Untungnya gak sampe nunggu pingsan, akhirnya kami dapat meja sekitar 30 menit kemudian. Gw masuk dengan kikuk waktu disambut dengan salam 'irrashaimase - selamat datang ' sama pelayannya. Dari kami bertiga, hanya Sinta yang udah pengalaman makan sushi. Kalau enggak, eum.. Entah siapa yg ngajarin gw sama Butet. Bahkan menunya aja gak ada yang familiar.
![]() |
| Triple troubles |
![]() |
| B'day Girls |
![]() |
| Treat B'day😄 |
Setelah dapat treat b'day dari Sushi Tei, harusnya kami lanjut lagi hunting treat b'day ke Nanny's Pavillon. Tapi berhubung gw ngasih pilihan ke tuh bocil berdua mau karoke-an atau ke Nanny's, mereka bilang mau karaoke-an aja. Ckckck, masih belum sadar sama kemampuan tarik vokal yang terbatas 😶.
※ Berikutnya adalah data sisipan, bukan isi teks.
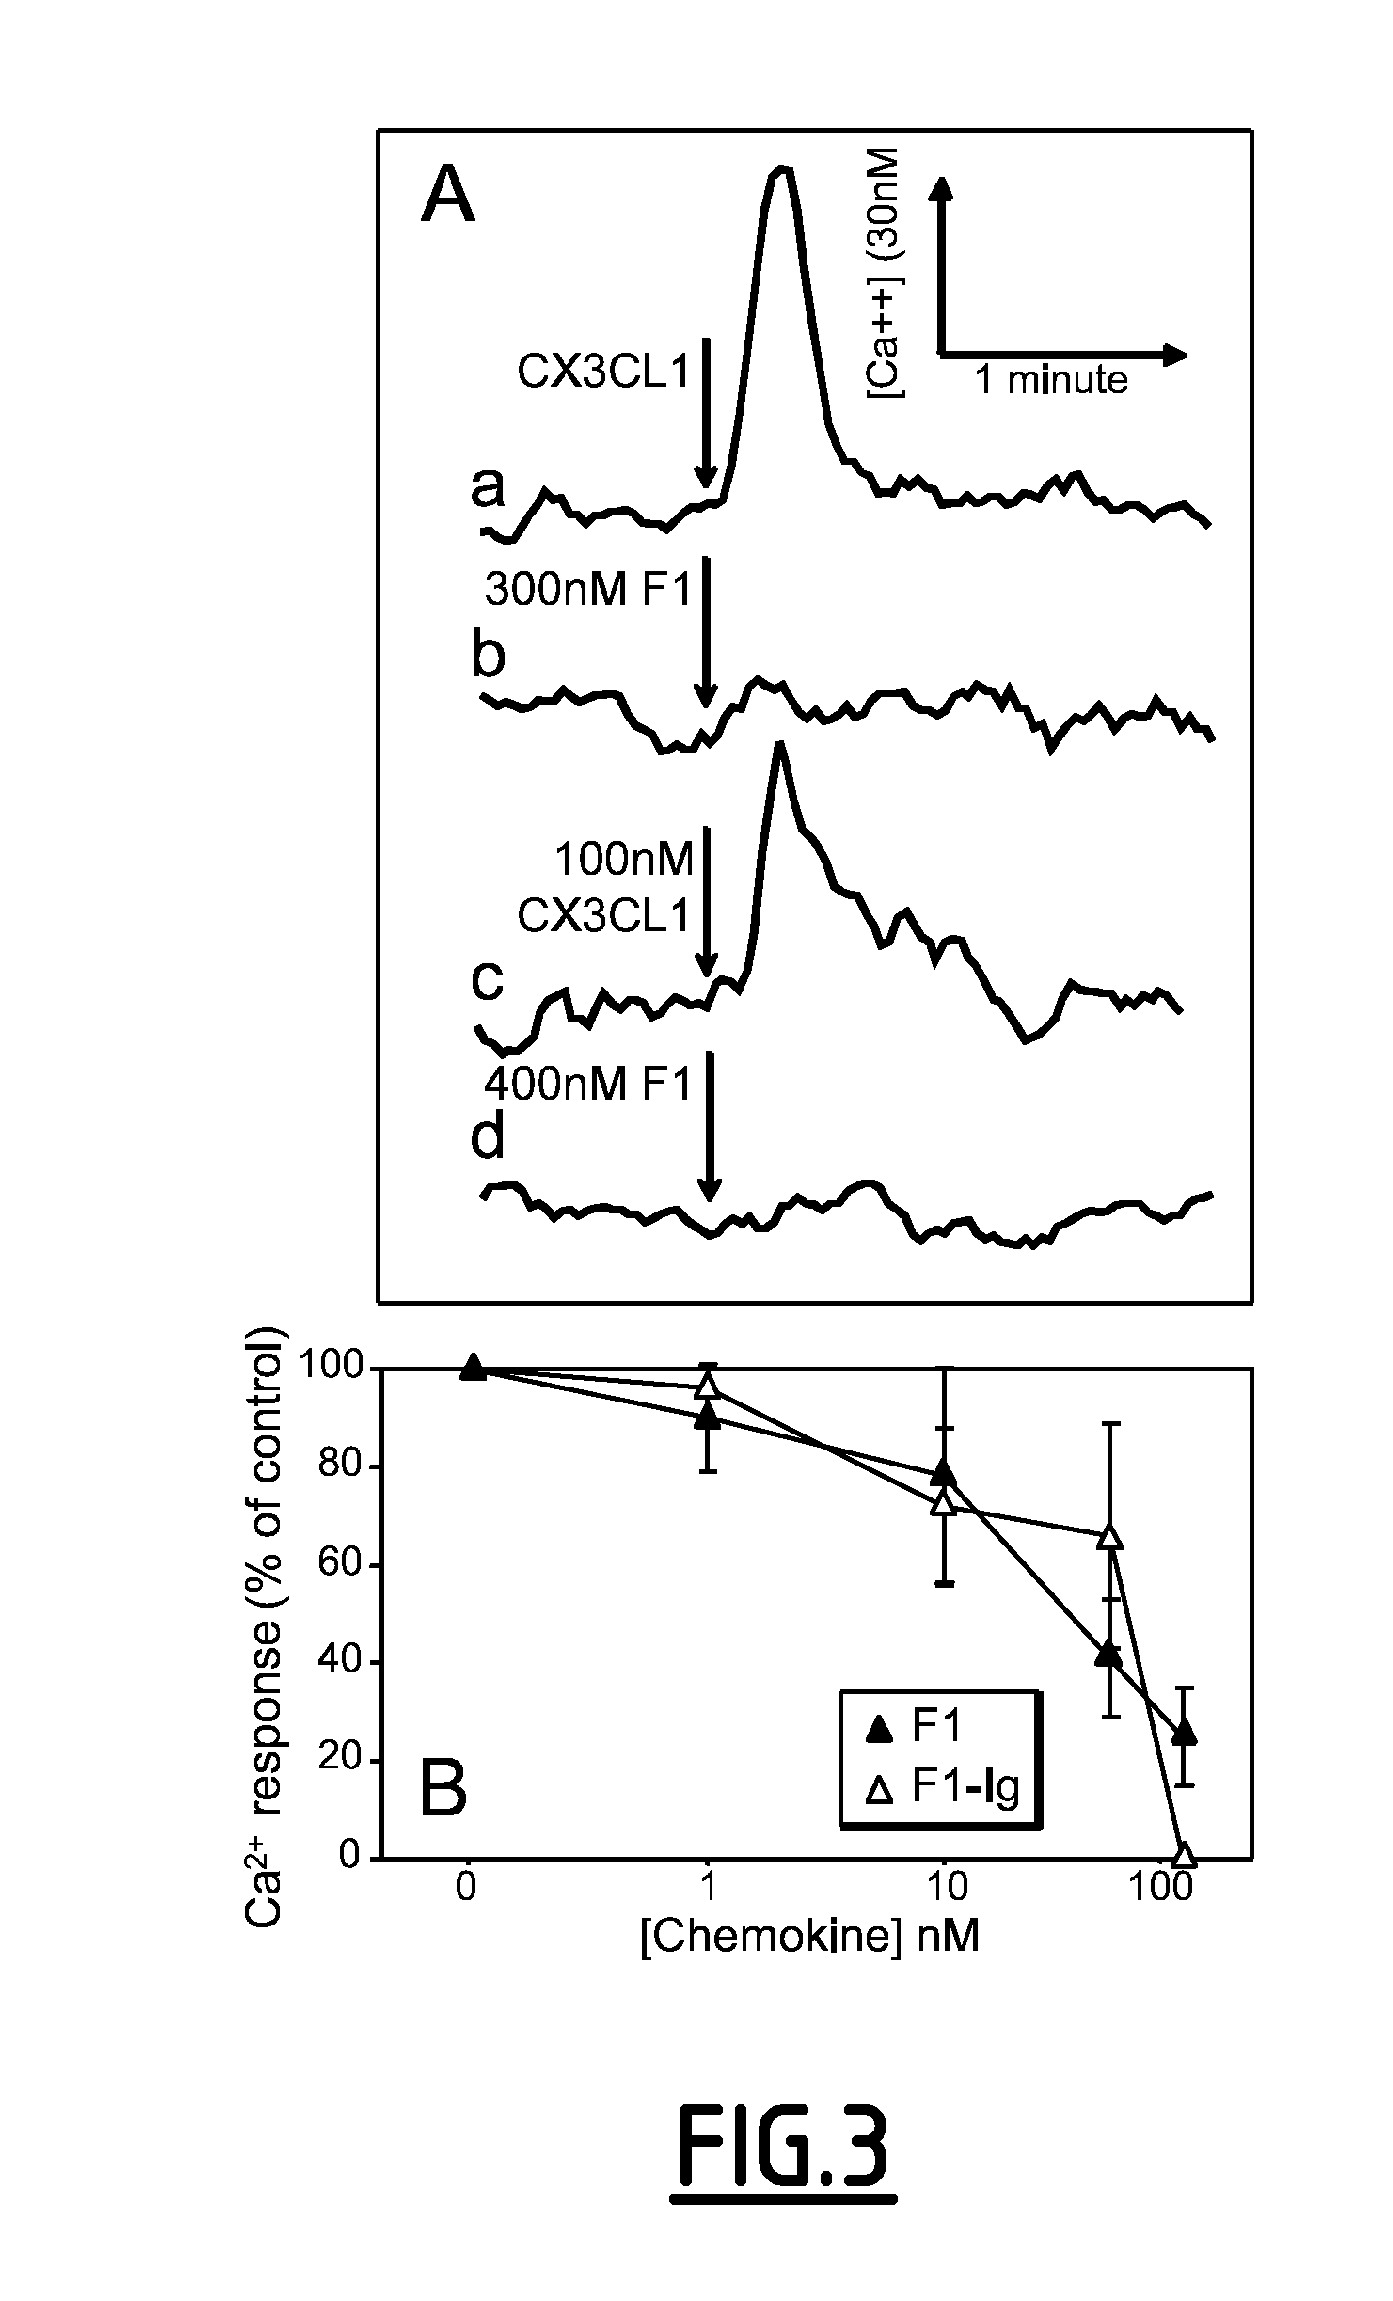 Modulators of the cx3cri receptor and therapeutic uses thereof

Tapi sepertinya kami belum beruntung. Tarif karokean di dekat kosan Sinta beuhh...selangit untuk satu jam paket bertiga. Katanya itu memang harga utk weekend. Lha itu kan masih hari Jumat, gw bilang. Tapi mbak-nya bilang di karoke itu beda, Jumat-Minggu itu dihitung weekend.
Akhirnya kami pun skip karoke dan berkahir dengan perut kelaparan naik busway yang kebetulan menurunkan penumpang di bus stop. Kami langsung naik tanpa tau kemana tujuan buswaty itu, lalu tutun di sembarang tempat yang ada street food-nya.
-----------------------------------
Karena kosan Sinta dekat sama kebun binatang Ragunan, Sabtunya kami melipir ke sana. Itu pun setelah war tiket di website sekitar jam 7 pagi di hari Jumat. Sistem nya emang gitu, harus pesan H-1 untuk tiketnya.
Dan trenyata, ragunan itu luasssssss bgt. Motor aja capek juga kayaknya kalo keliling-keliling di sana. Dan utk menghemat pengeluaran, kami bawa bekal dari kosan. Ya meskipun cuma telor dadar sama timun mentah ditambah ayam rica-rica Sinta. Meski pun sederhana, tapi vibes pikniknya kerasa. Of course karena di sana bejibun umat manusia yg lagi berkunjung juga. Gak cuma pedagang makanan, di sana ada juga yg jualan alas buat duduk. Untungnya kami udah bawa dari kosan Sinta.